START Dataset extract

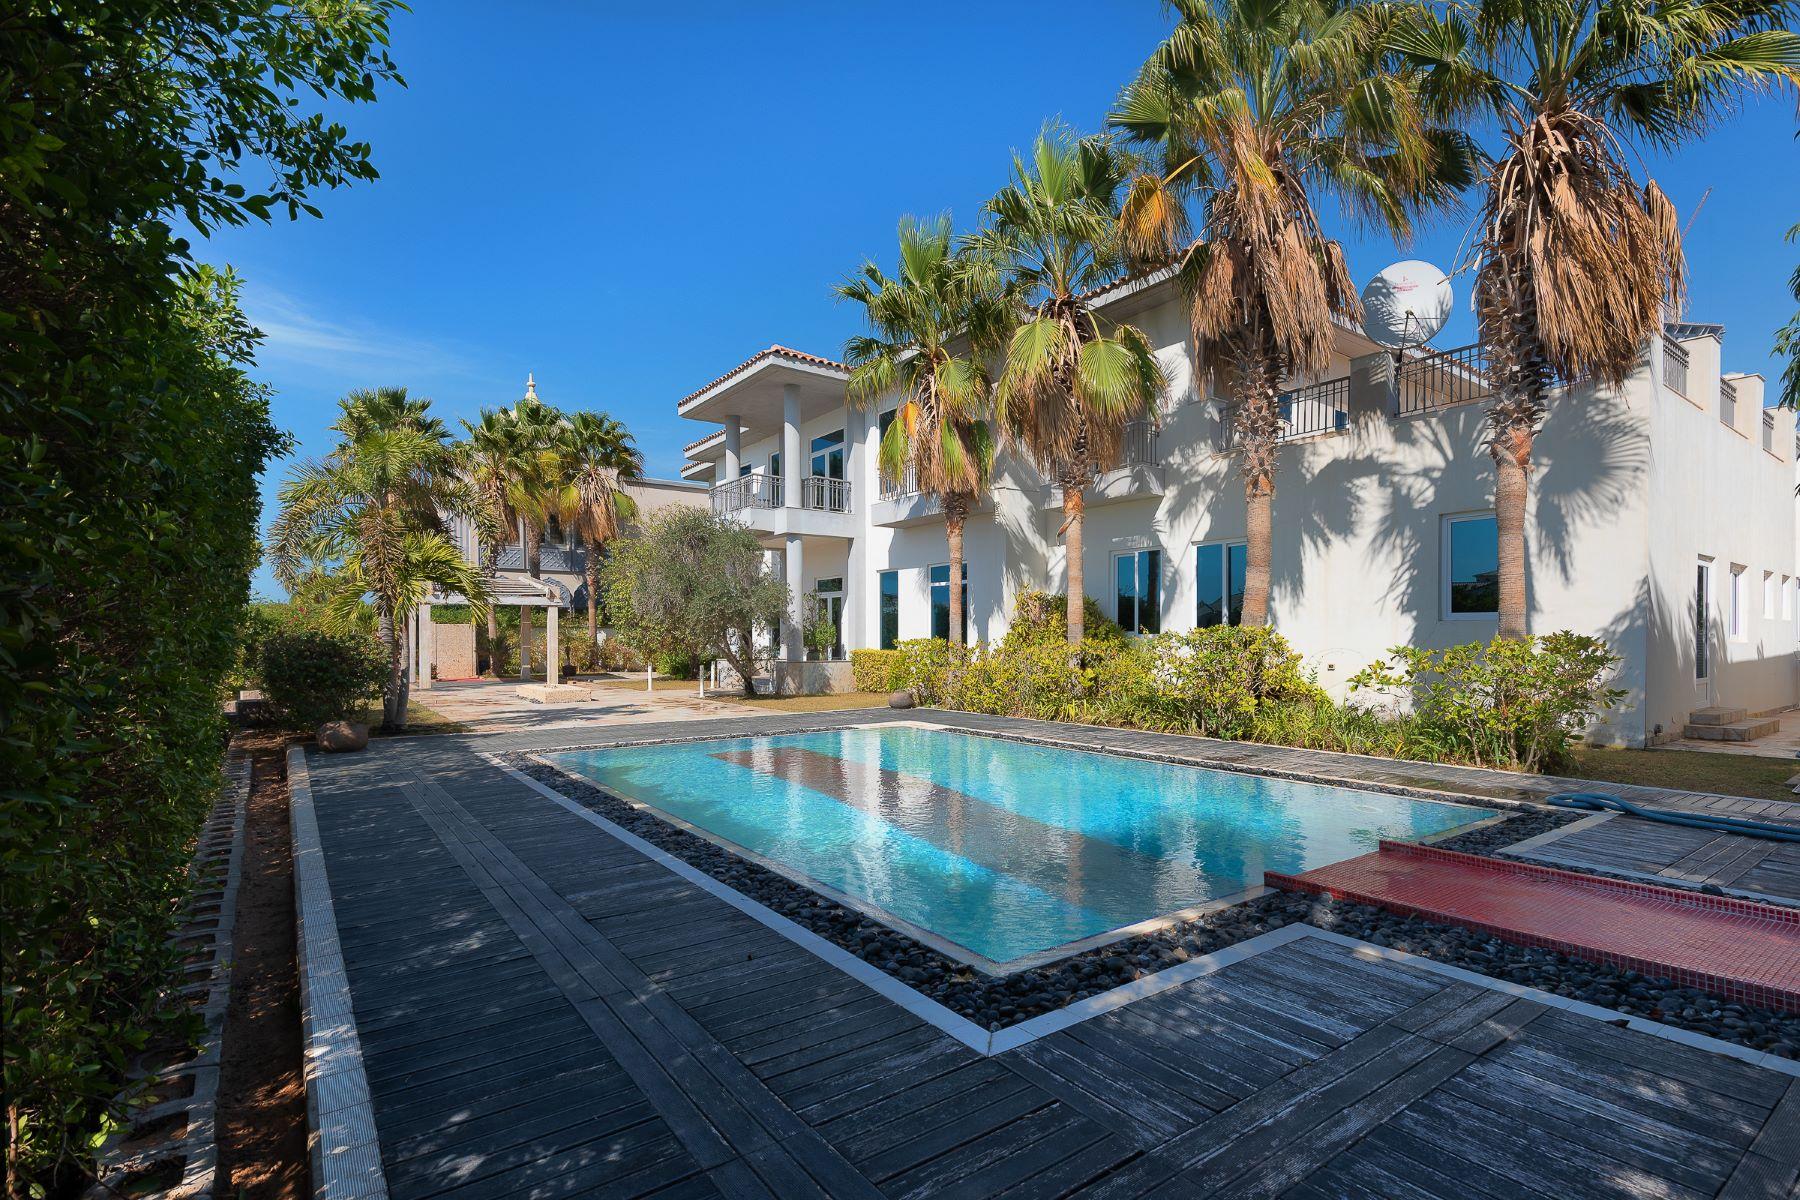 Property for Sale at Upgraded Mediterranean Signature Villa Dubai, Dubai United Arab Emirates
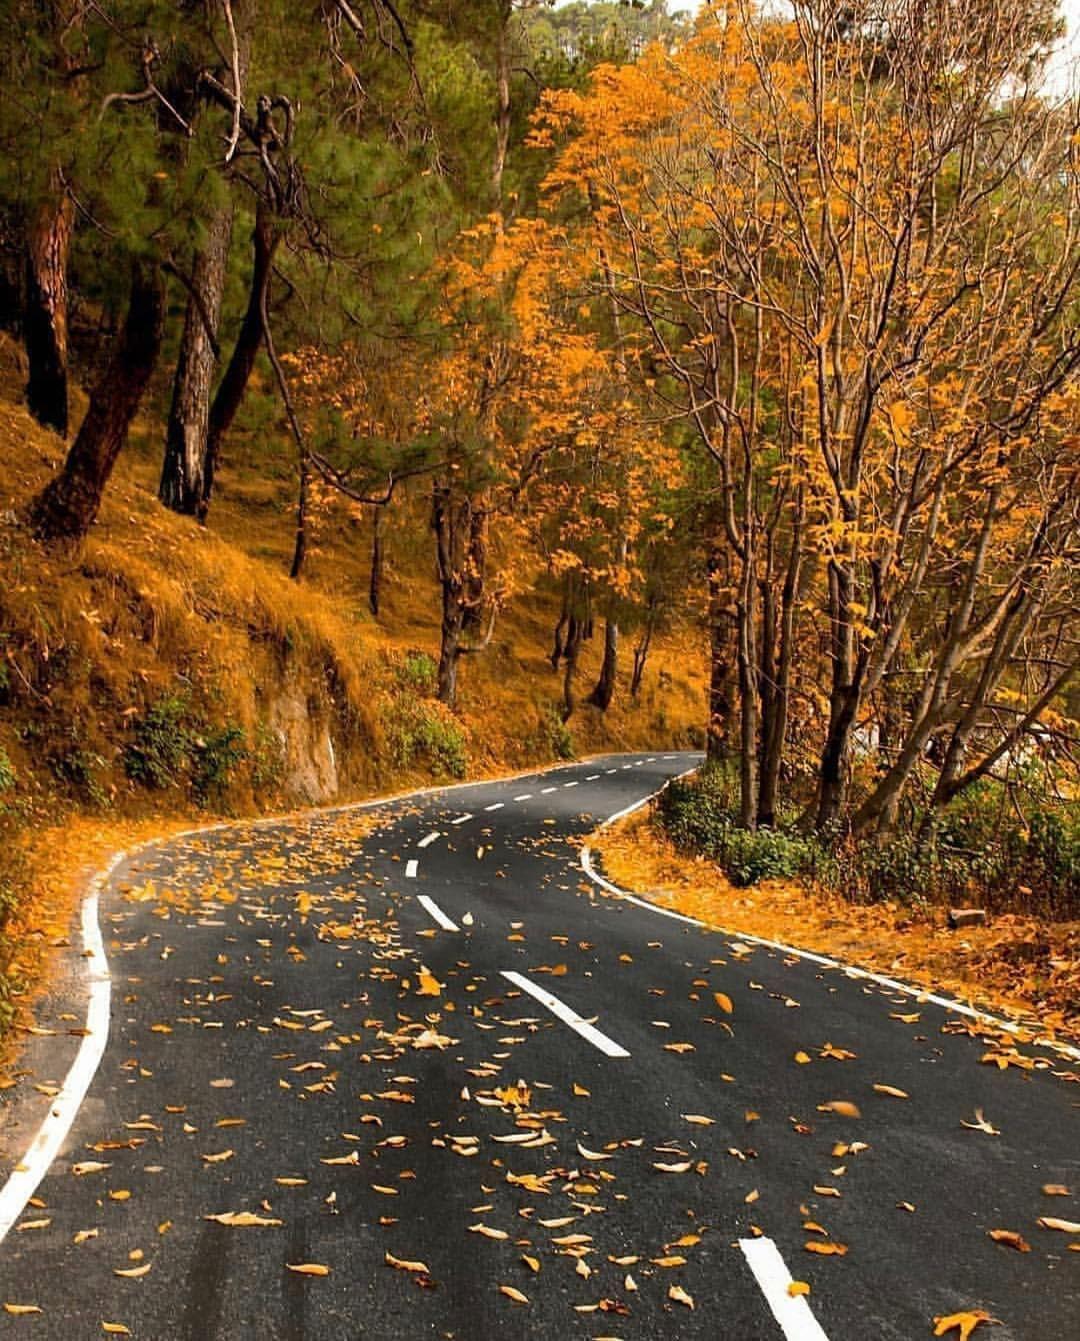 Autumn Cozy, Country Roads
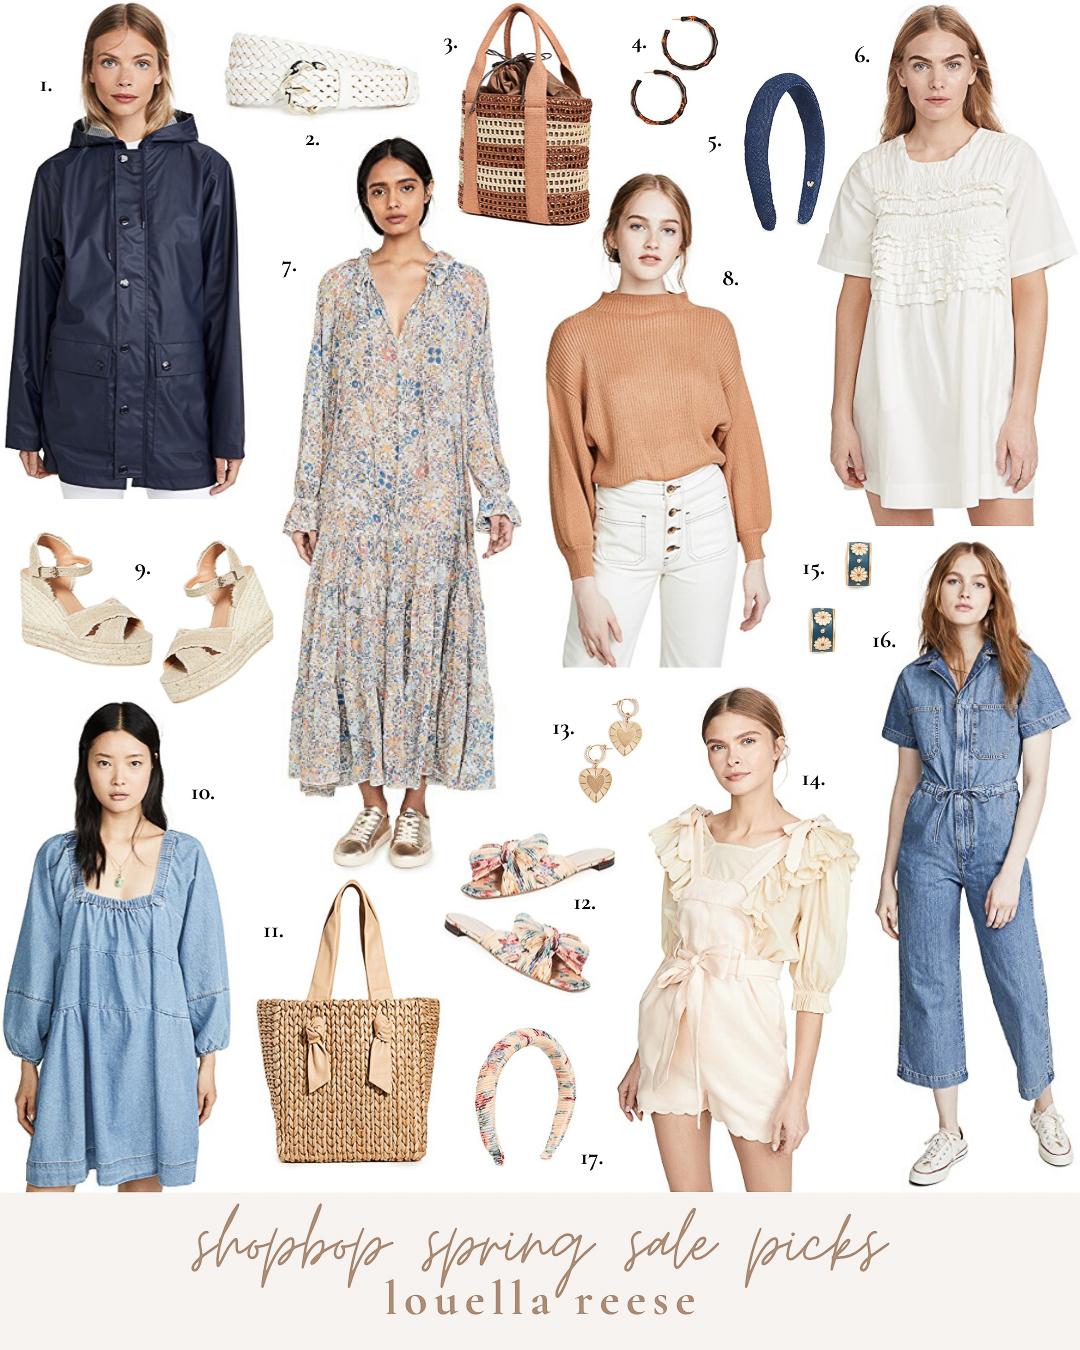 2020 Shopbop Spring Sale Picks | Louella Reese

END Dataset extract

Task objective:
Repeat every line above exactly, but omit all images.

Answer section:
 Property for Sale at Upgraded Mediterranean Signature Villa Dubai, Dubai United Arab Emirates
 Autumn Cozy, Country Roads
 2020 Shopbop Spring Sale Picks | Louella Reese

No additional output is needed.